Carl W. Garland

Carl W. Garland

Fellow: Awarded 1963
Field of Study: Chemistry

Competition: US & Canada

Education: Massachusetts Institute of Technology

After receiving a Ph.D. degree from the University of California, Berkeley, Carl Wesley Garland joined the MIT faculty in 1953. Initial efforts to establish his research program were supported by an Alfred P. Sloan Fellowship (1954-1960), and his initial teaching involved the development of new experiments for an undergraduate chemistry course. The latter effort resulted in a laboratory textbook Experiments in Physical Chemistry (1st edition 1962) coauthored with David Shoemaker, who had been a Guggenheim Fellow in 1947. His Guggenheim Fellowship in 1963 made possible a sabbatical leave at the Cavendish Laboratory in Cambridge, England, during the 1963-64 academic year. This sabbatical set the standard for several productive later sabbaticals in Europe, mostly in France where de Gennes had stimulated world-class liquid crystal research activities.

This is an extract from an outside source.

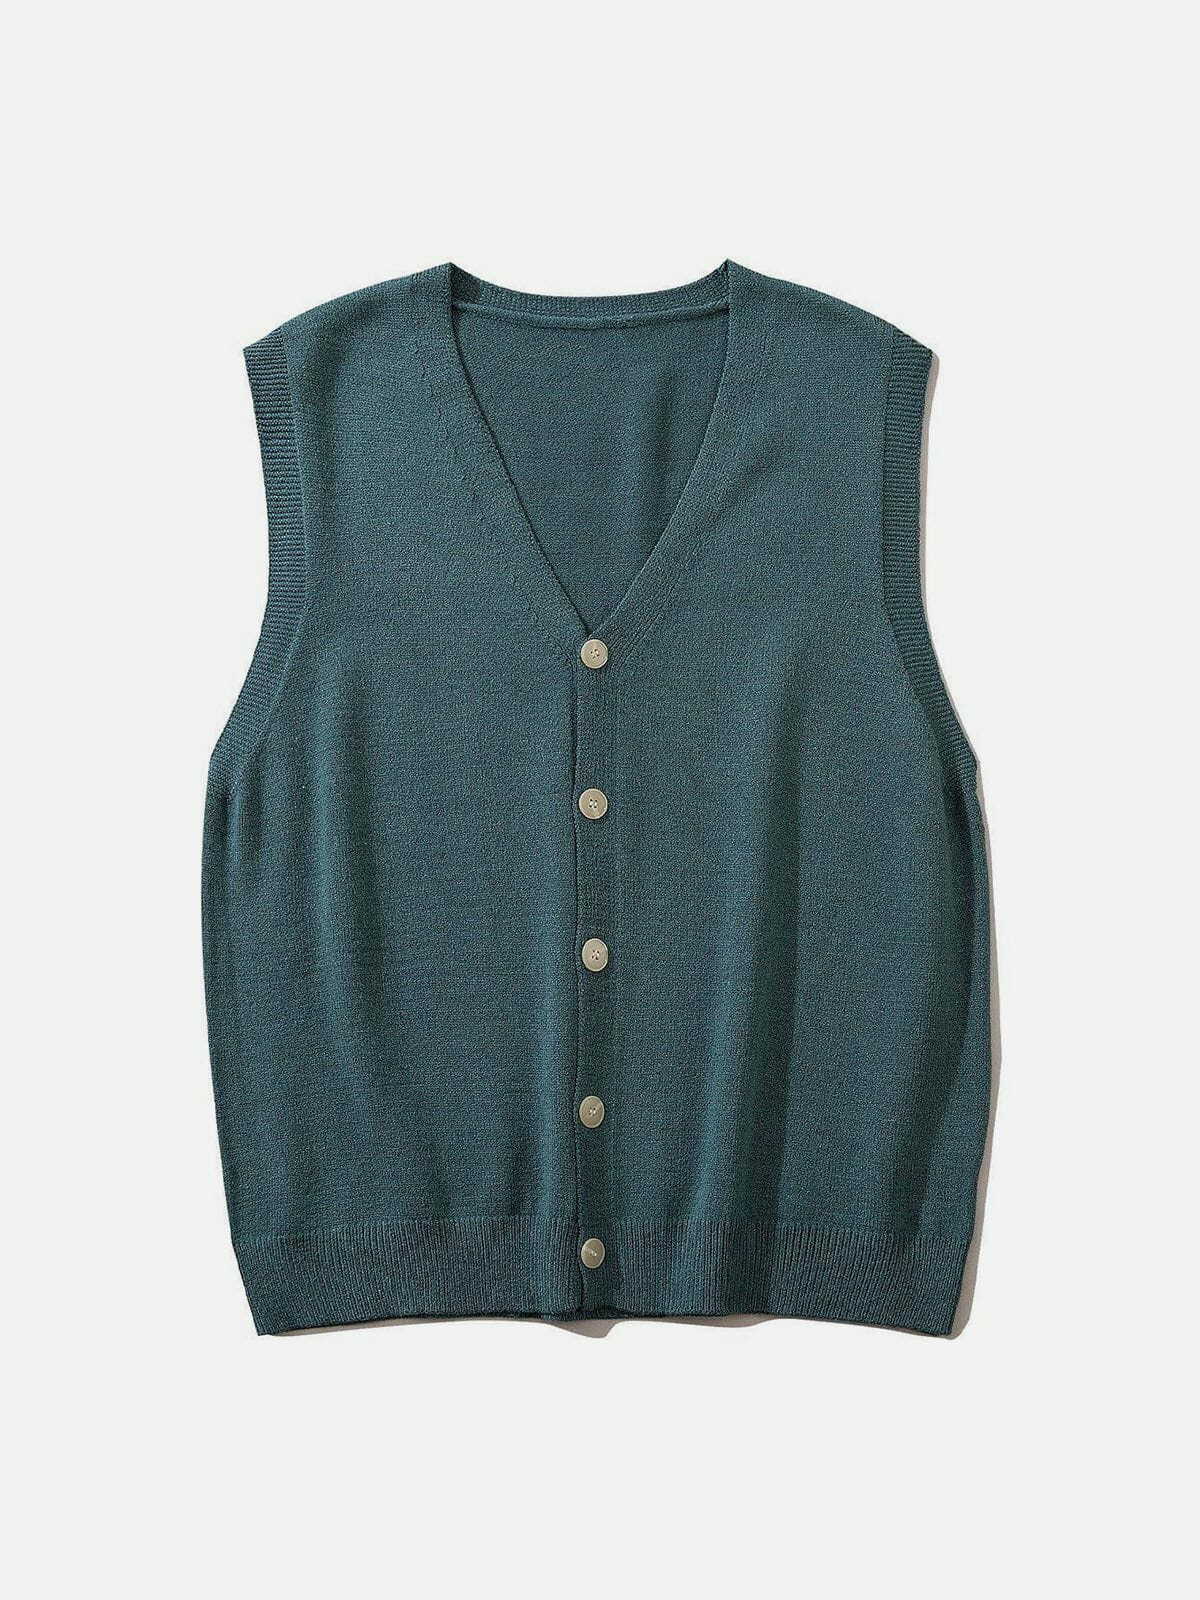 chic solid color sweater vest timeless style & urban comfort 3883

Professor Garland’s research has concerned the study of phase transitions and order-disorder phenomena in ionic crystals like ammonium chloride, where the orientation of NH4+ ions becomes disordered at a lambda-type transition, and in liquid crystal materials. Liquid crystals are especially interesting systems since they provide a rich variety of translational and orientational ordering. The goal is to understand the role of order parameter symmetry, interaction range, and competing interactions in determining the stability of phases and the critical fluctuations near transitions between phases. In addition to the study of bulk materials, the phase behavior of liquid crystals in the fractal pores of very low density gels of colloidal aerosil particles provides an ideal way to study quenched randomness. In this case, random ordering fields due to interactions with the surface of the sil particles greatly modify the critical behavior. High-resolution experimental techniques that included computer-controlled ac calorimetry, ultrasonic spectroscopy, and synchrotron x-ray scattering were used in these phase transition studies.

During the period 1952-2009, he published more than 200 scientific papers, and an 8th edition of Experiments in Physical Chemistry was published in 2009. Professor Garland is a Fellow of the American Academy of Arts and Sciences.